• [Directions] Every line below should come back exactly as written, though the pictures stay out.
** Opening Information provided block **
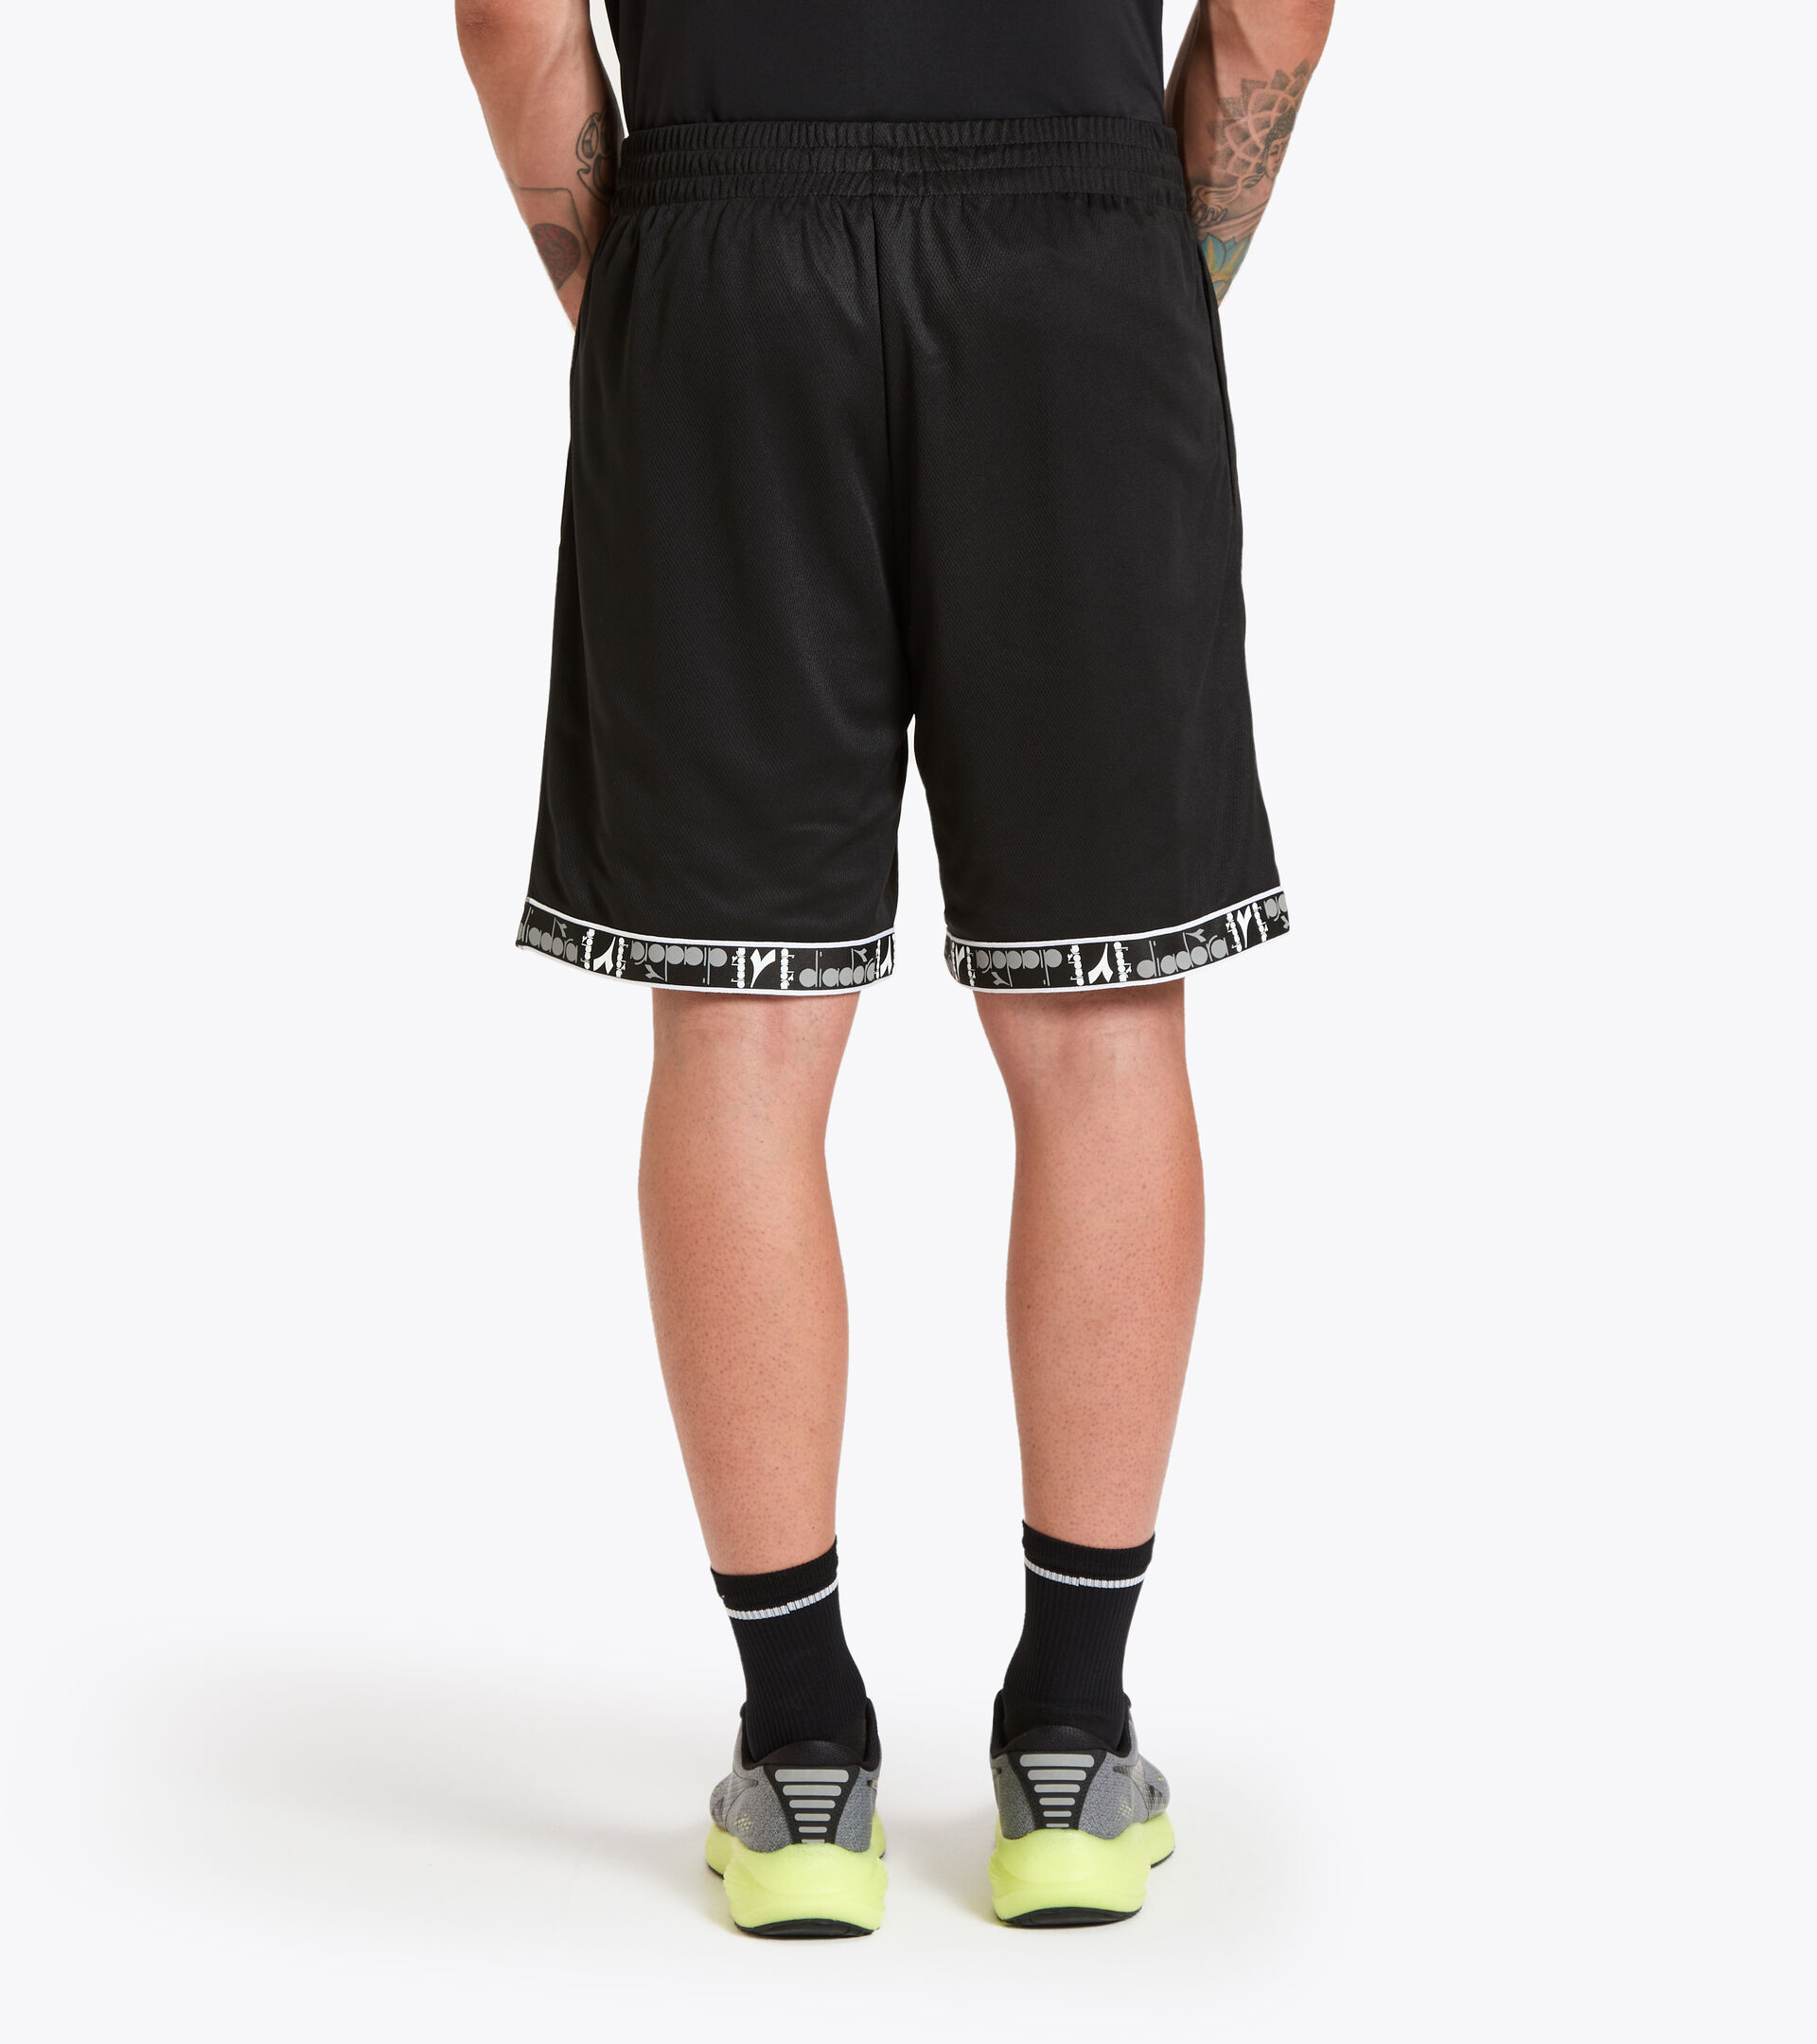 Men's reversible Bermuda workout shorts BERMUDA REVERSIBLE BUDDYFIT BLACK - Diadora
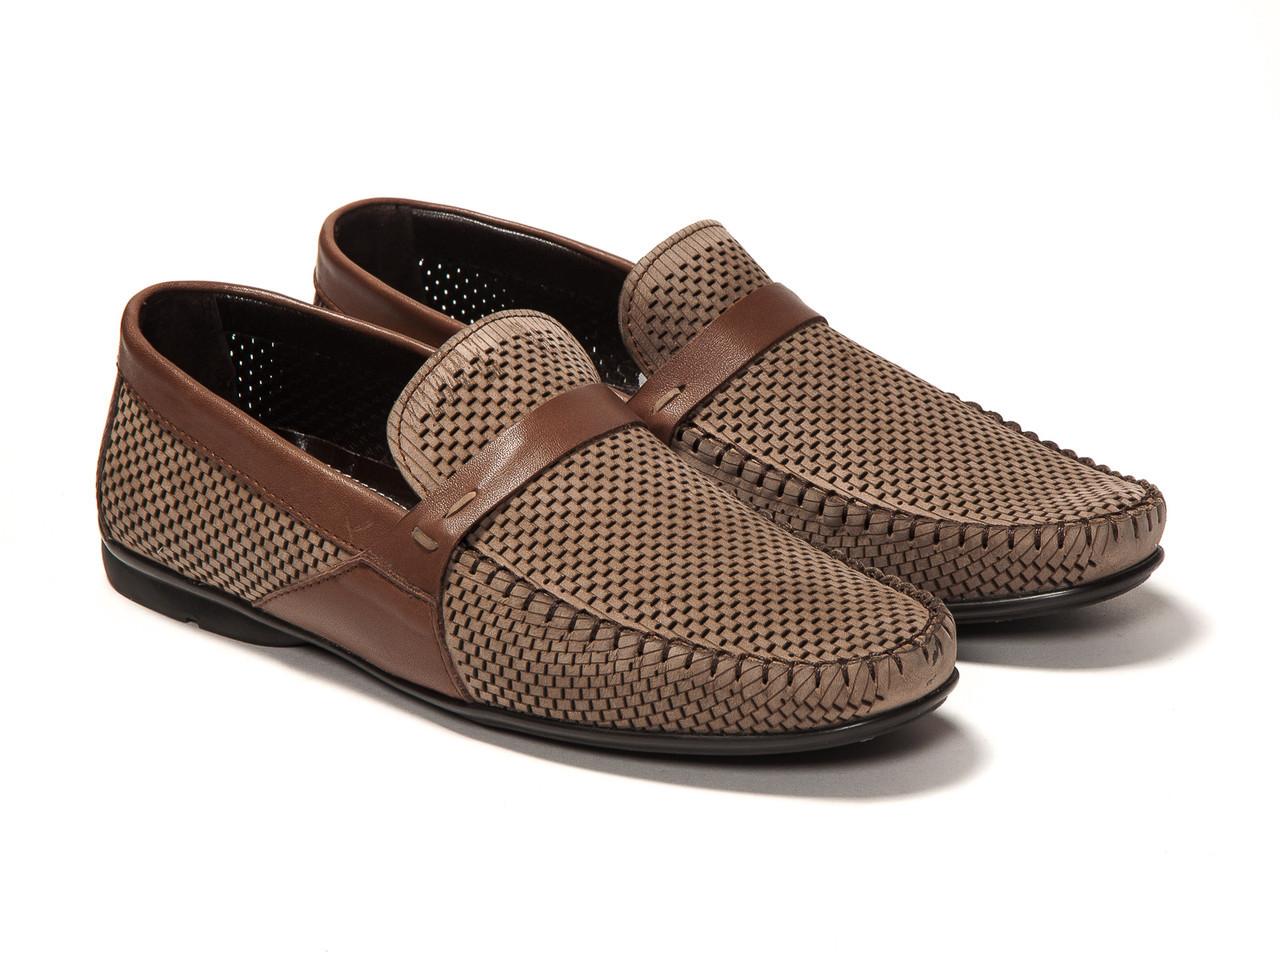 Мокасины Etor 10033-818-755-96-008 42 коричневые
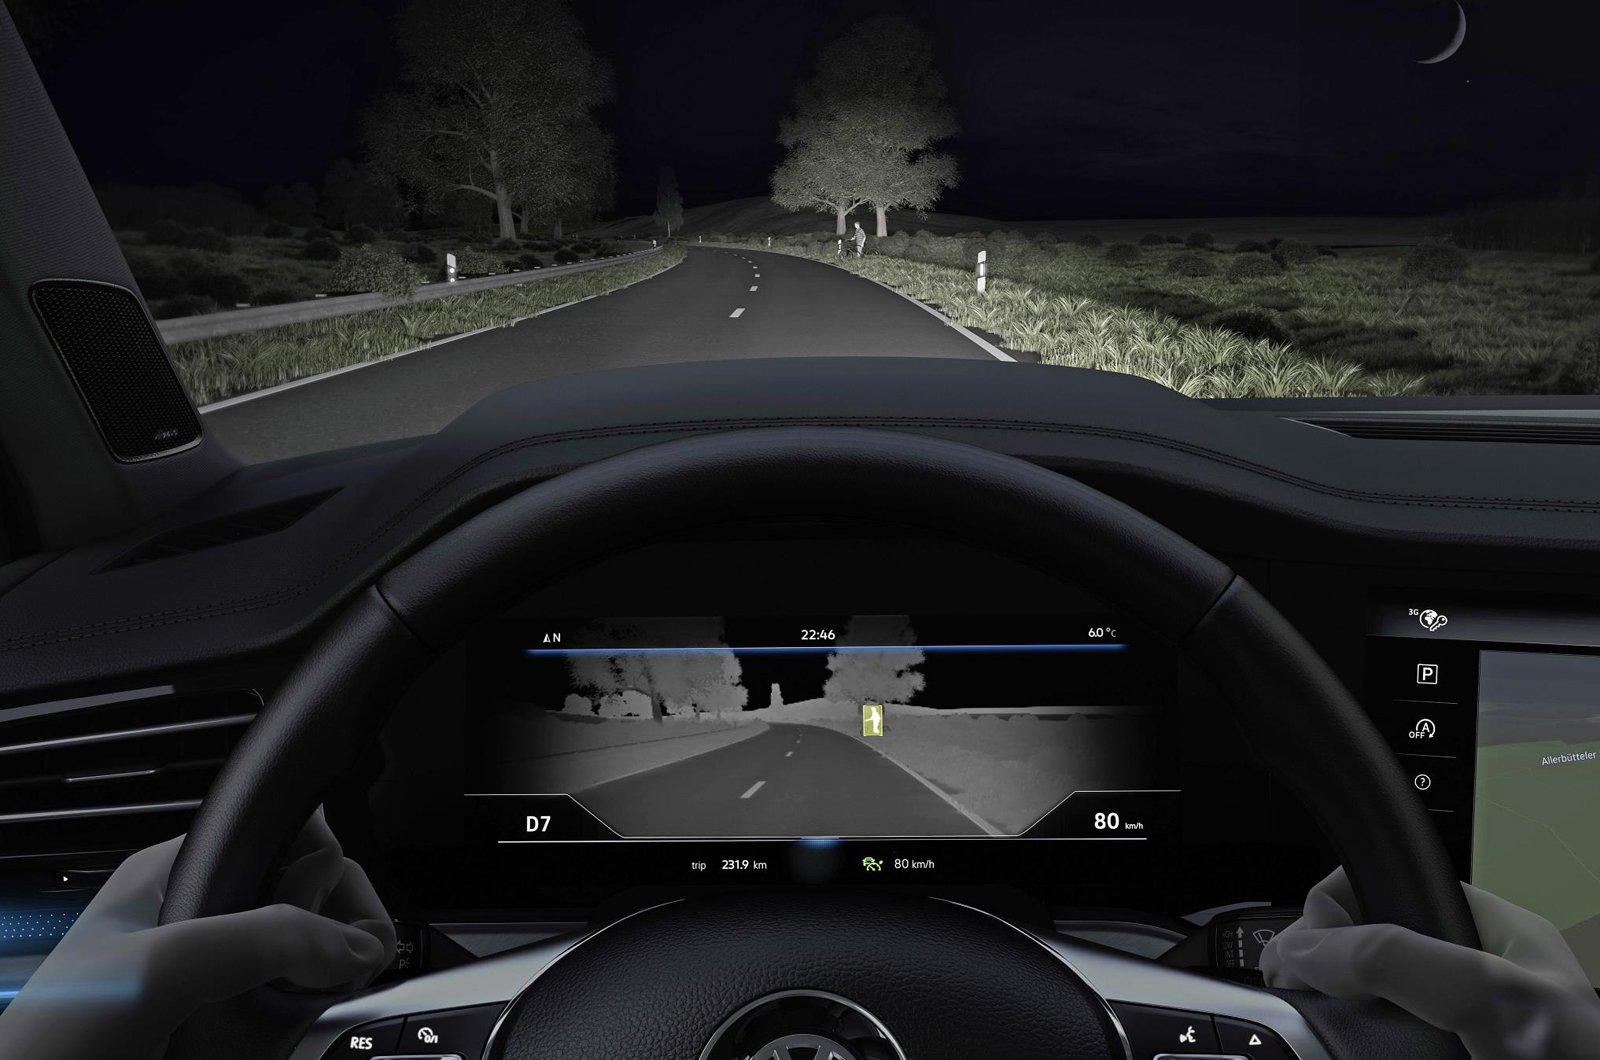 Volkswagen Touareg night vision
** Closing Information provided block **
• [Solution to this exercise]
 Men's reversible Bermuda workout shorts BERMUDA REVERSIBLE BUDDYFIT BLACK - Diadora
 Мокасины Etor 10033-818-755-96-008 42 коричневые
 Volkswagen Touareg night vision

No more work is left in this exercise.